Edit: I have two storagenode rigs, both went down just after midnight, 2024-04-27 5am UTC. I thought I had recovered one and I’ve been having trouble with the other. I’ve been assuming a dying disk causing IO problems until I checked my “working” rig and found it posting a load over 1000.

Is there a way to pin an older version and disable the updater?

Part of my troubleshooting the high load before I realized it must be endemic was enabling the lazy file walker which led to my original post below…

Original post:

I believe I enabled the lazy filewalker via config.yaml but I still have extremely high load at node startup.

pieces.enable-lazy-filewalker: true

How can I check that it is working as intended? I thought the process niceness was how this worked but all the storagenode processes have the same nice priority: 0.

I don’t know, but I have seen this also plus most of mine crash now with some 10000 thread limit error. They crash for a while then restart and run for a while and then crash again but yes the load has gone way up.

1 Like

I’m also noticing high load when trash-cleanup-filewalker is running (also lazy), 500+ load

2 Likes

If you restart your node a lot you can just disable the file walker from running at startup with the following command in your config file.
storage2.piece-scan-on-startup: false

Also, check your nodes temp folder. My node got overloaded yesterday and today I noticed it had filled my temp folder with 16GB of temp files (all created yesterday). I deleted them…

edit: I intended to reply to original poster, but I mistakenly replied to jarridgraham instead. oops, oh well…

2 Likes

We are seeing this issue for years now: Delete temp files?

It is still sad that the temp files don’t get deleted automatically.

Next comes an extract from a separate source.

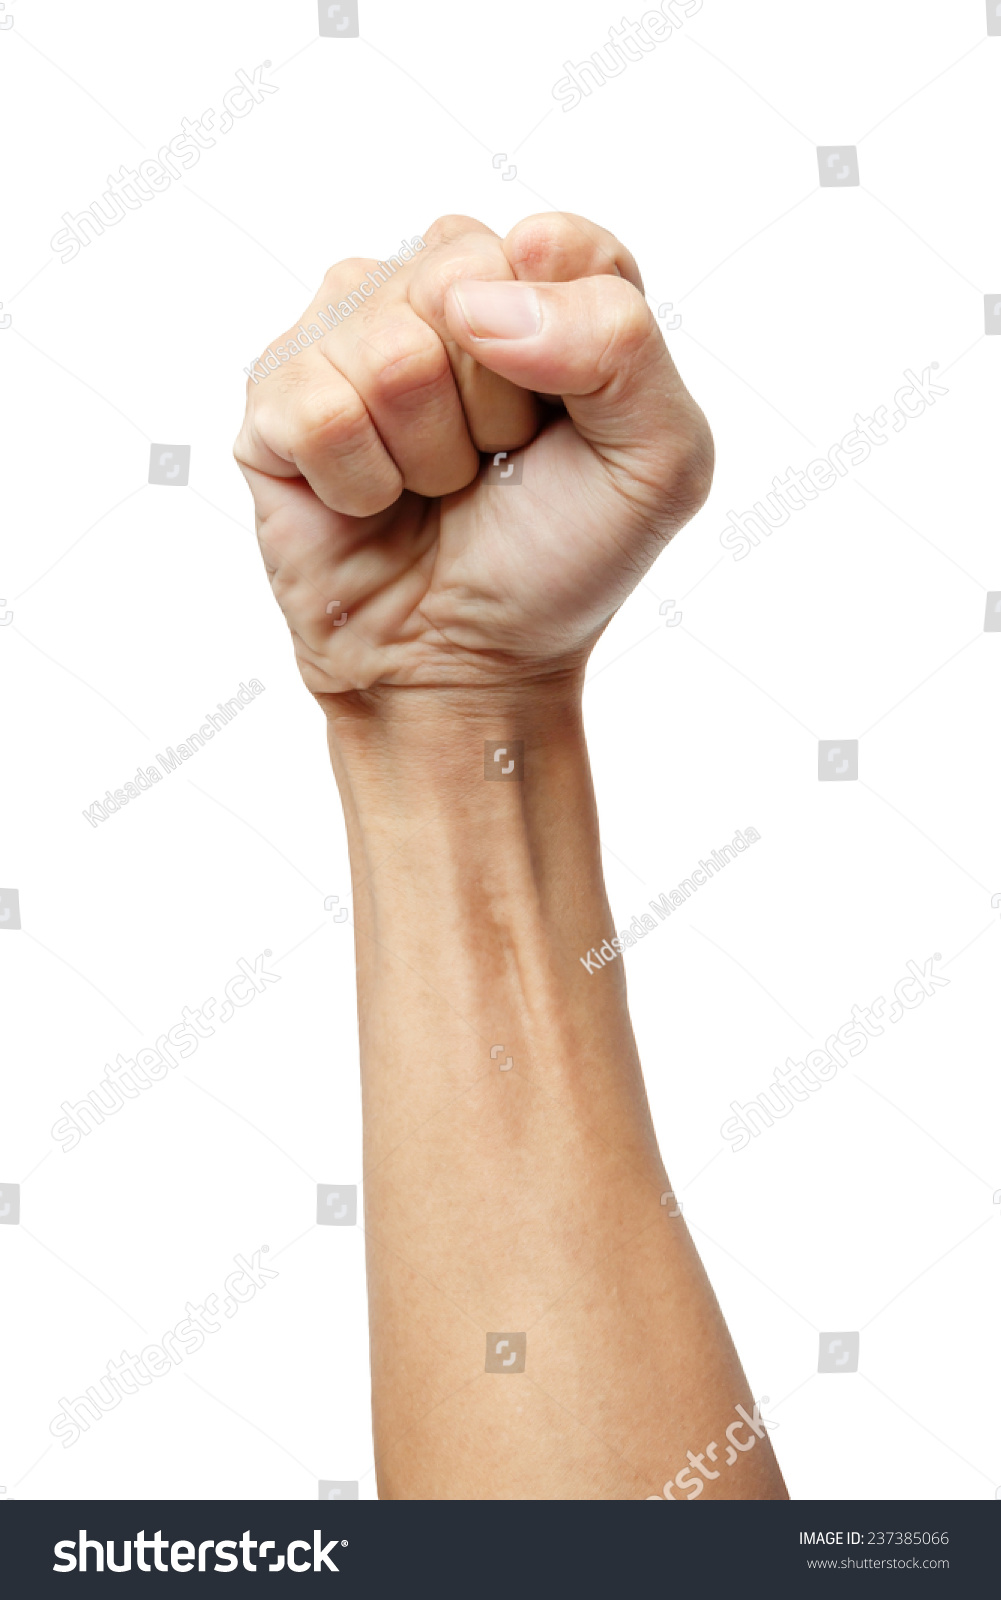 Male clenched fist, isolated on a white background #237385066

Currently, 10 of the 15 nodes experienced memory overflow problems due to hard disk load yesterday.
I tried lowering the version and the problem was still not solved. Multiple nodes should not have hard disk failures at the same time. Each node runs on an independent hard disk.
Checking the logs found no error message.
I don’t know how to solve it.

1 Like

Personally, I used the following setting in my config file to reduce the number of transfers:
storage2.max-concurrent-requests: 50
It’s not ideal, but it’s better than having my node crash.

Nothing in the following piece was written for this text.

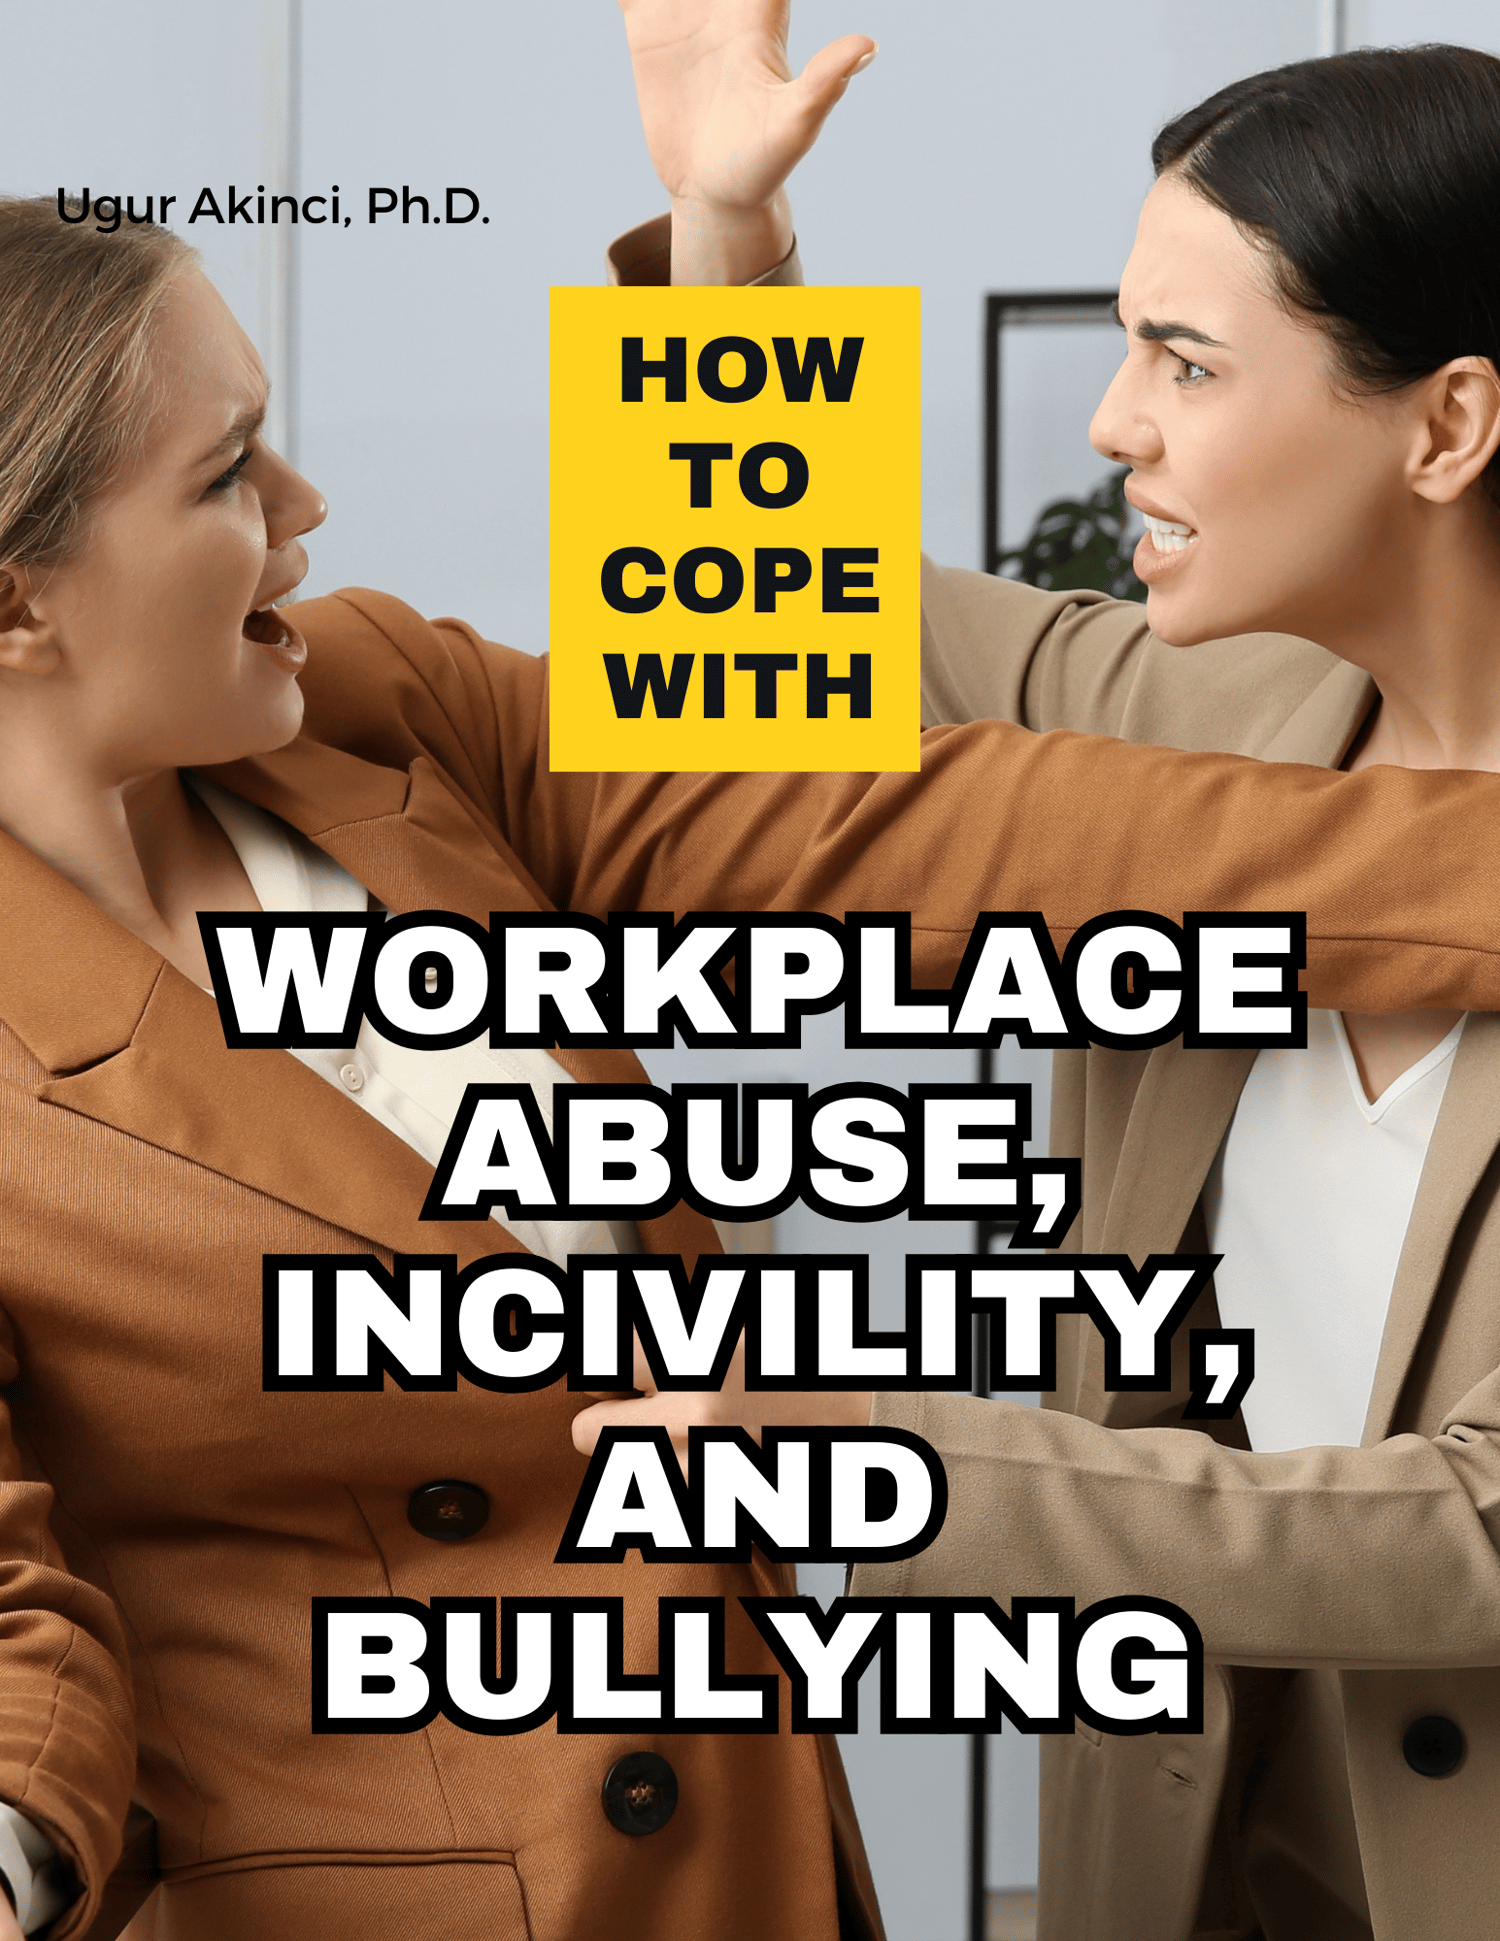 Workplace Abuse, Incivility, Bullying

I am seeing something like this here as well, about 1/2 of my nodes are crashing , when I track back in the logs I have a golang error about reaching the maximum of 10000 threads. They are run in docker containers so I thought they were isolated to a point but I guess the thread limit may be a global thing. They all get the same error about the same time then the flop around for a bit and take back off

This fixed it for me. I thought the lazy filewalker should have been enough but after disabling the startup scan my nodes are able to start with reasonable load.

1 Like

This is not a version problem.
I’m seeing a client probably pushing out a lot of data and it has been maxing out my internet since yesterday.

2 Likes

It has been modified to the parameters you provided and is running normally.
thx

How did you fix it back to normal?

You may try to specify it for the container to a higher value: docker run | Docker Docs

I am also seeing this, but I’m affected by the recent trash issues (5+TB trash on ~20TB of storage), so I’d rather not disable the FW entirely since I really do need to clear that trash out. Is there a way to get more granular control over it?

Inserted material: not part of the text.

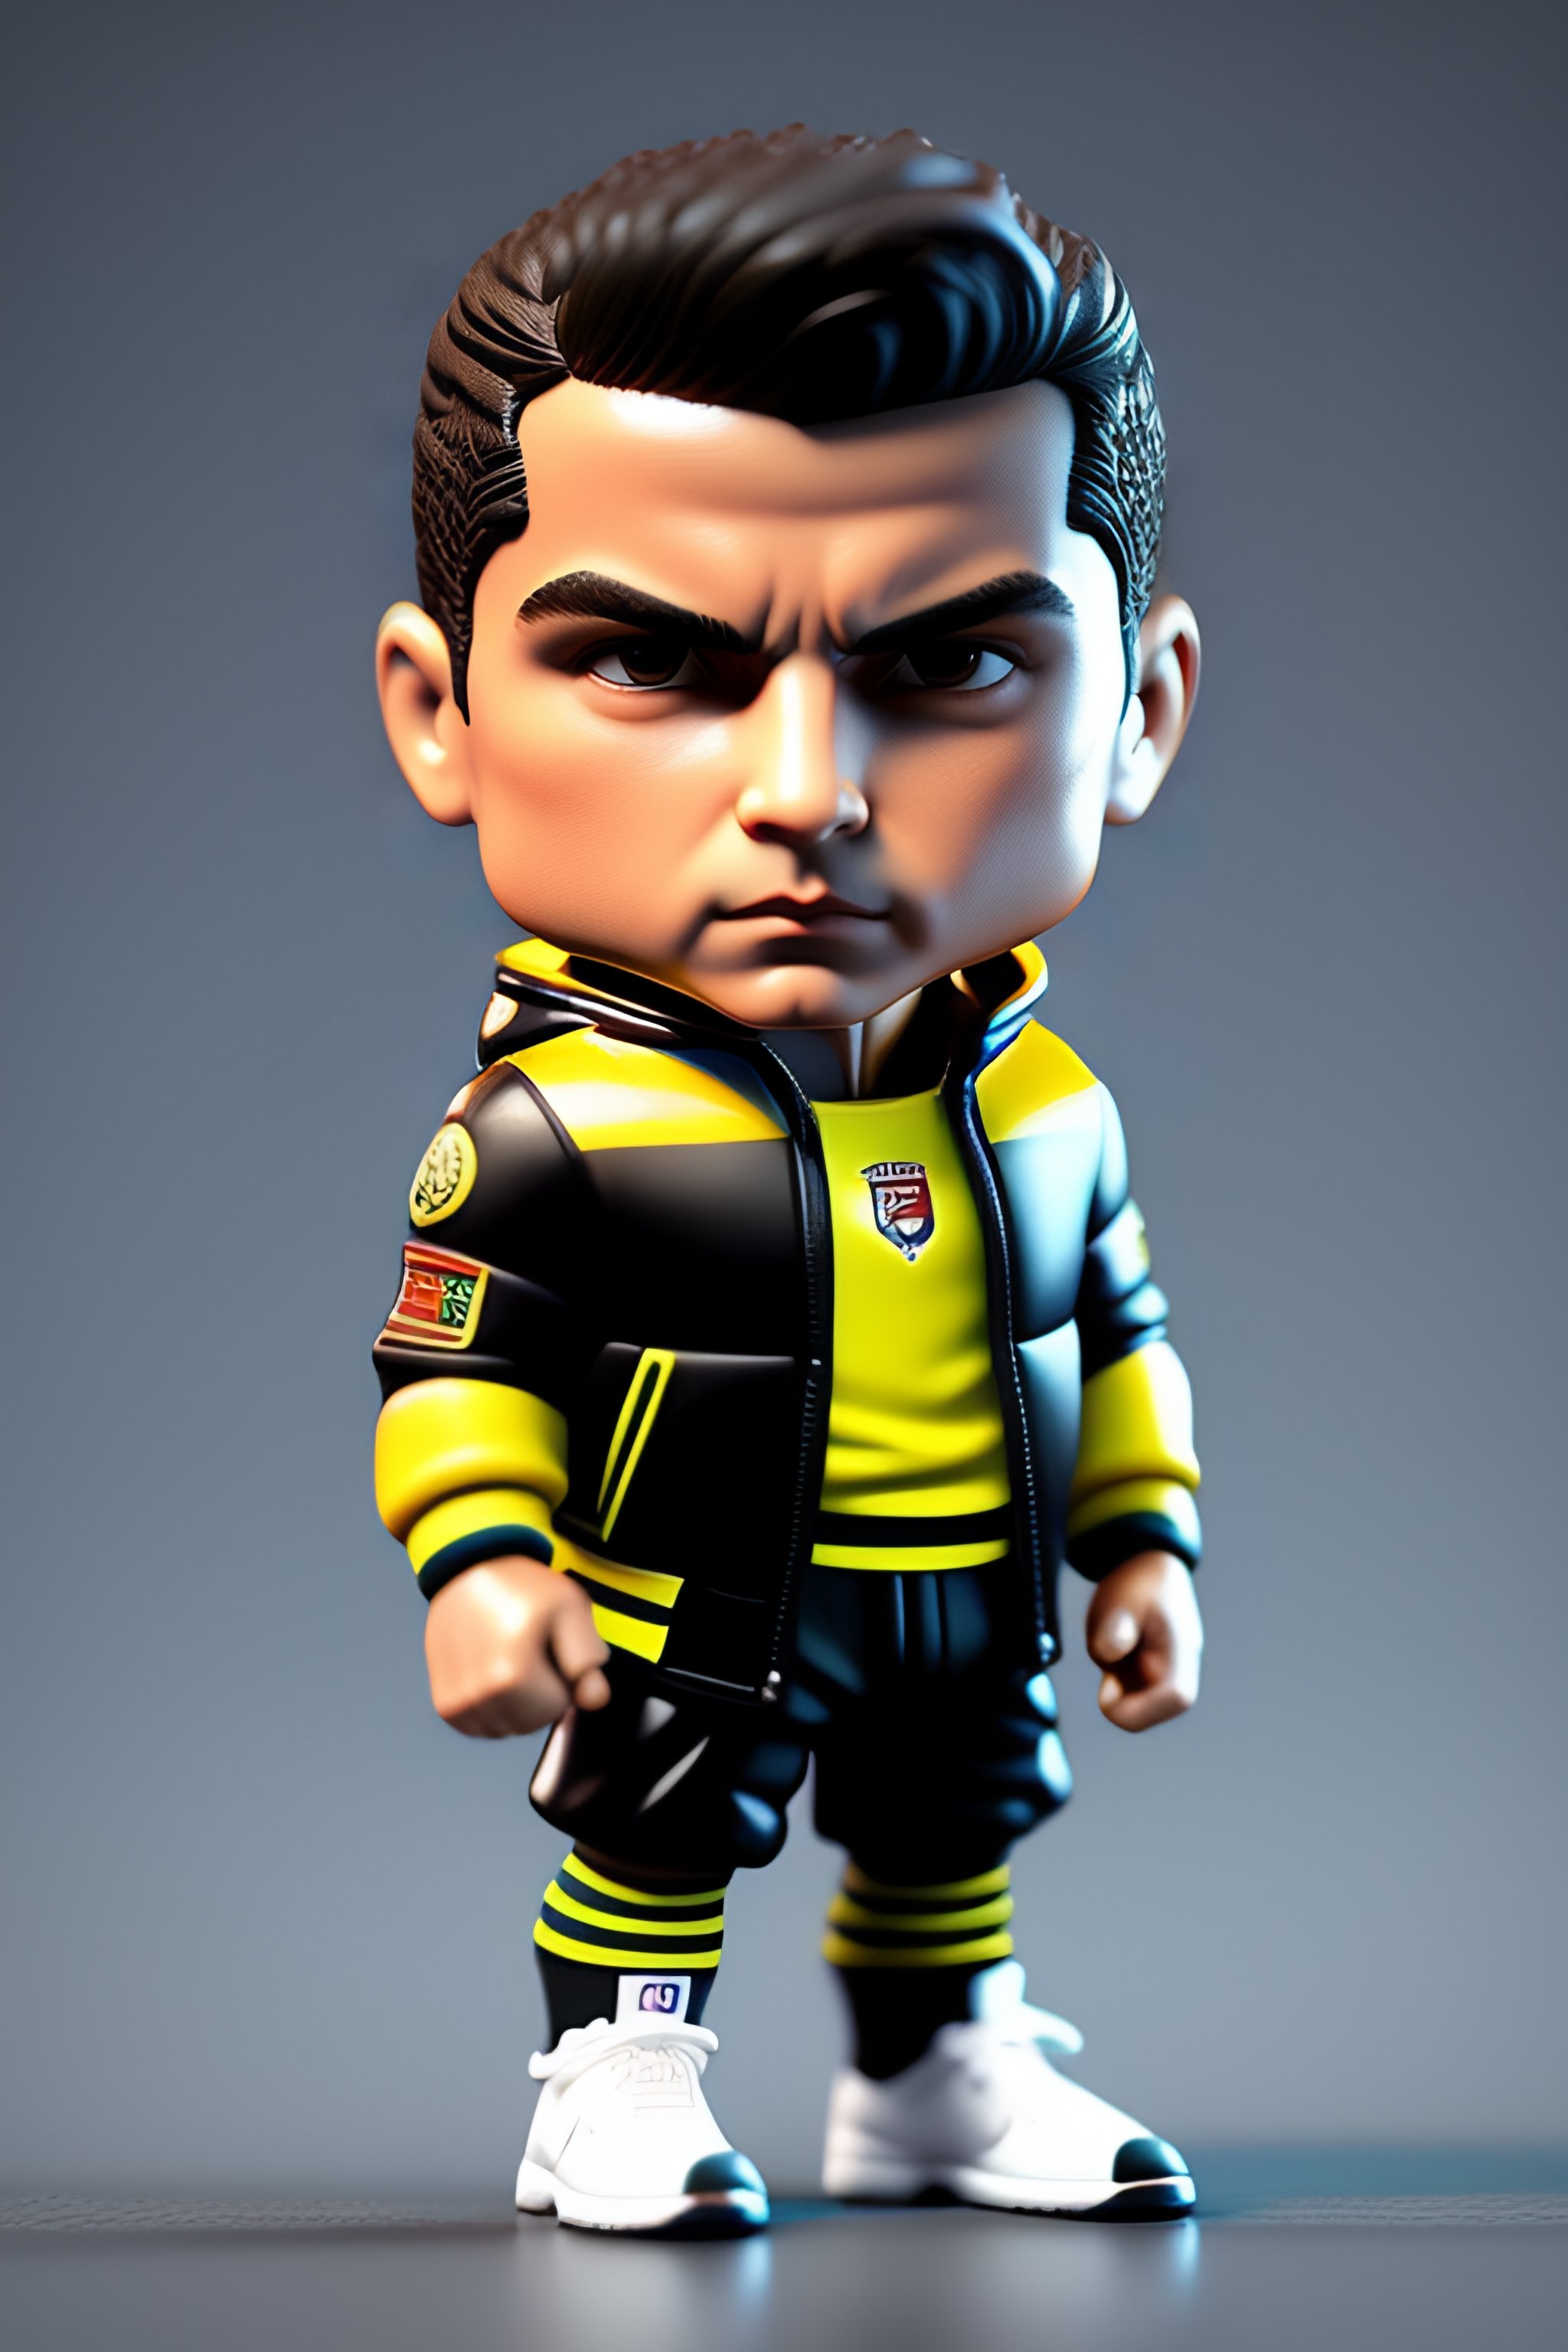 Lexica - Cristiano Ronaldo brutal character in the jacket, 3d render ...

Edit: Actually, I’m not sure if this is the same issue. I tried disabling piece-scan-on-startup, but I still see abnormally high load average and thread count on several nodes. Even tried lowering the max storage to stop ingress.

I’ve got some stability after disabling the startup piece scan. Most of my nodes are currently 1.99 which surprised me. Occasionally my rigs are still crashing. I’m suspicious my crashes are happening when nodes upgrade to 1.102. :thinking: Or this has been happening for some time but watchdog and docker restart: unless-stopped prevented me from noticing.

can confirm extremely hight memory usage and process instances on windows version is 102.4



normally it was 2 process on 1 node- here u can see 4-5
also 80gb memory usage- its now what u are expecting ! :slight_smile: for a single node

Check if the data come from saltlake sat?

Mass testing data from saltlake? - Node Operators / troubleshooting - Storj Community Forum (official)

Updates on Test Data

not a saltlake issue for my example

This is completely unrelated. The used-space-filewalker is a separate process unless you also disabled a lazy mode.